For the entries that follow, retype exactly the lines from the one containing "Animali in fattoria." to the one containing "[带露天浴池的房间、禁烟] 100%天然温泉 带露天浴池的日西合璧房间", inclusive, and only those. Images stay out of the copy.
SUPPLIED ENTRIES Block Start
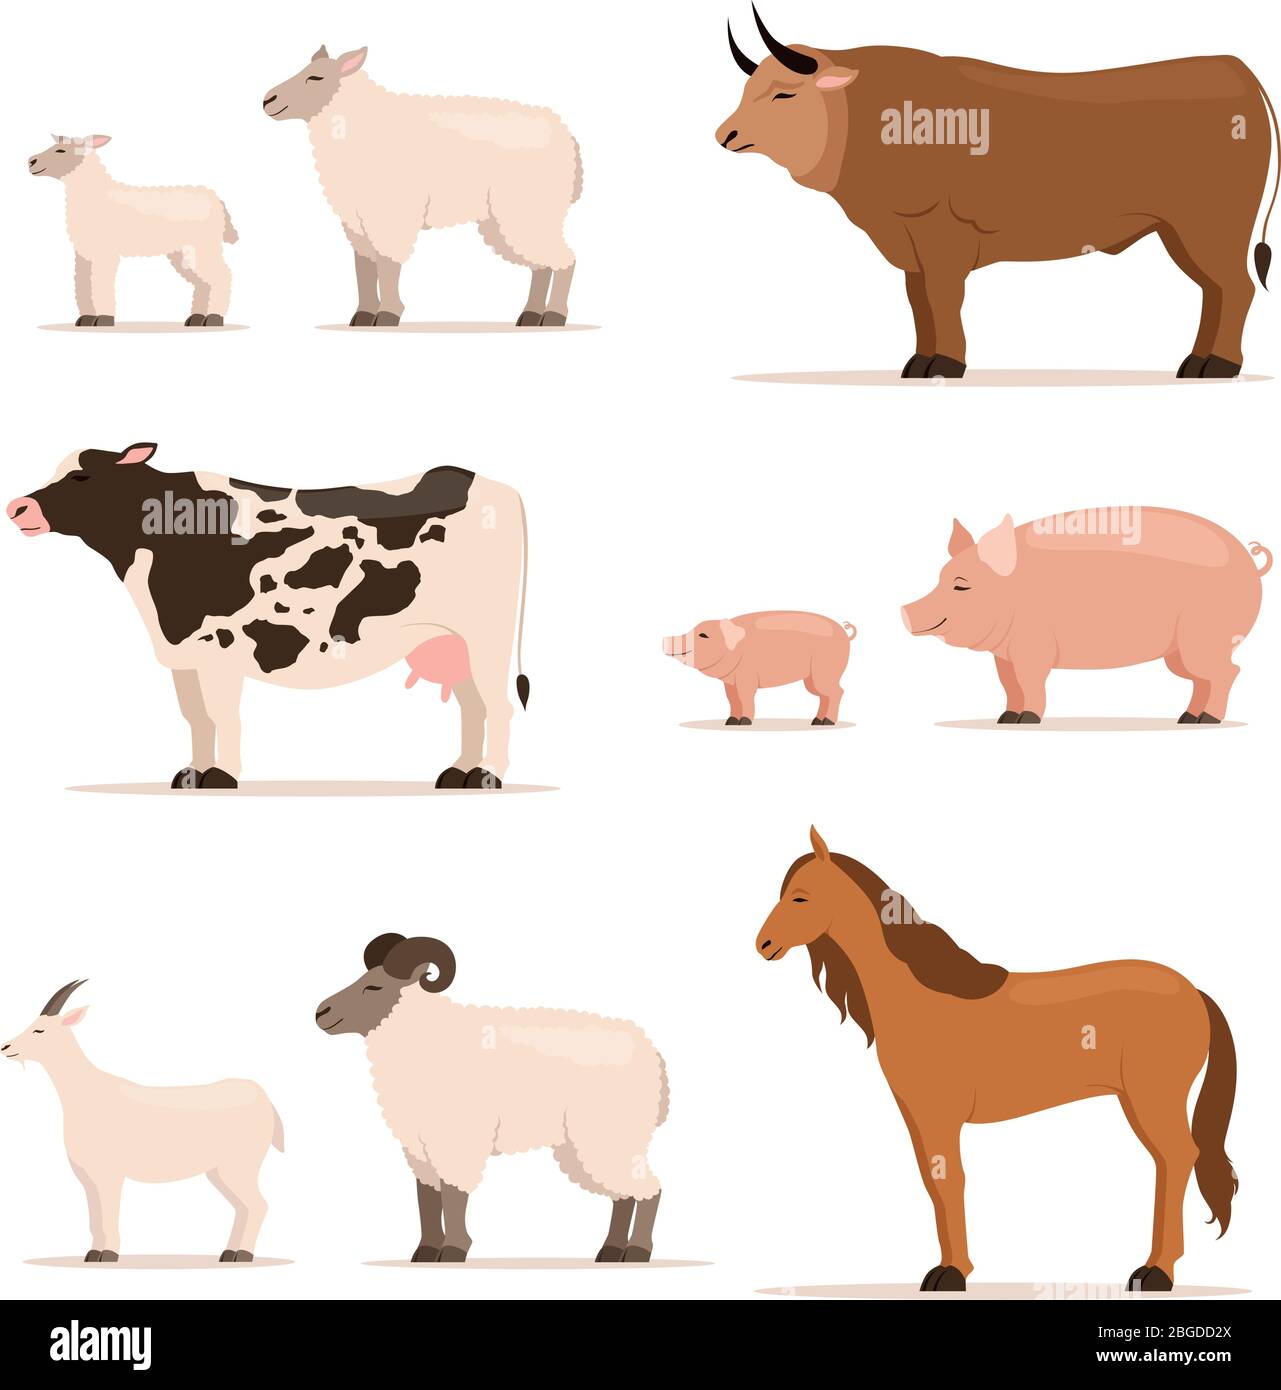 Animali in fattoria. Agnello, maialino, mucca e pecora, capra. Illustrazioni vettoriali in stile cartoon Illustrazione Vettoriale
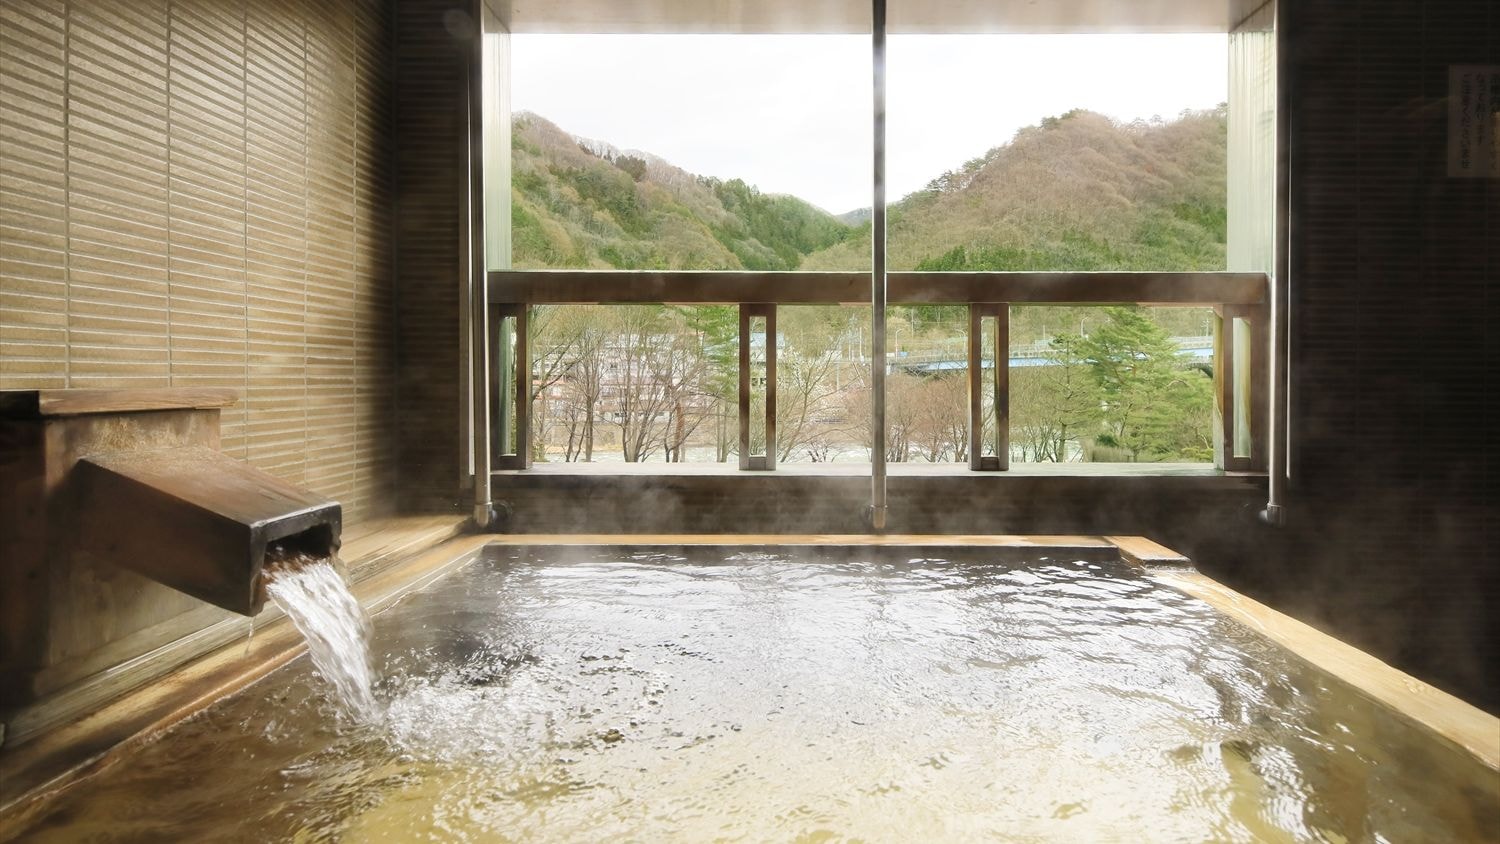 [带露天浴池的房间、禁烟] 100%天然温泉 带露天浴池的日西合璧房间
SUPPLIED ENTRIES Block End
SUPPLIED ENTRIES Block Start
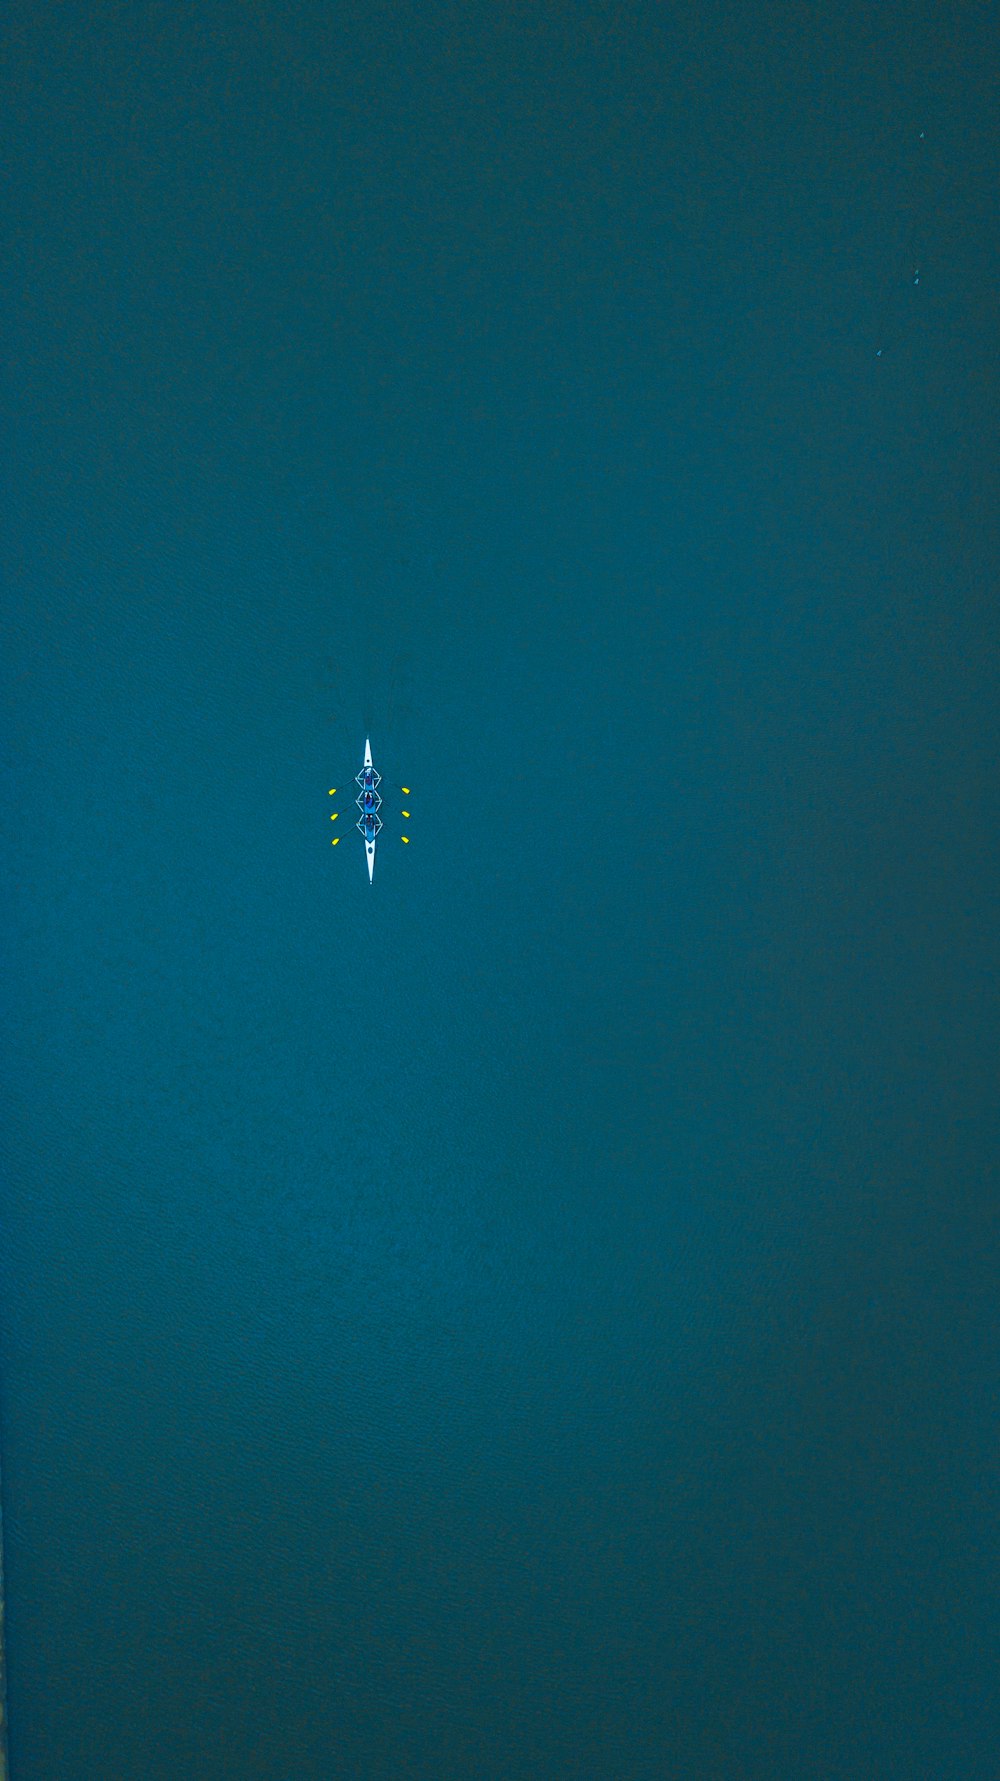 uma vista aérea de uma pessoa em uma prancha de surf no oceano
SUPPLIED ENTRIES Block End
#### EXERCISE OUTPUT:
 Animali in fattoria. Agnello, maialino, mucca e pecora, capra. Illustrazioni vettoriali in stile cartoon Illustrazione Vettoriale
 [带露天浴池的房间、禁烟] 100%天然温泉 带露天浴池的日西合璧房间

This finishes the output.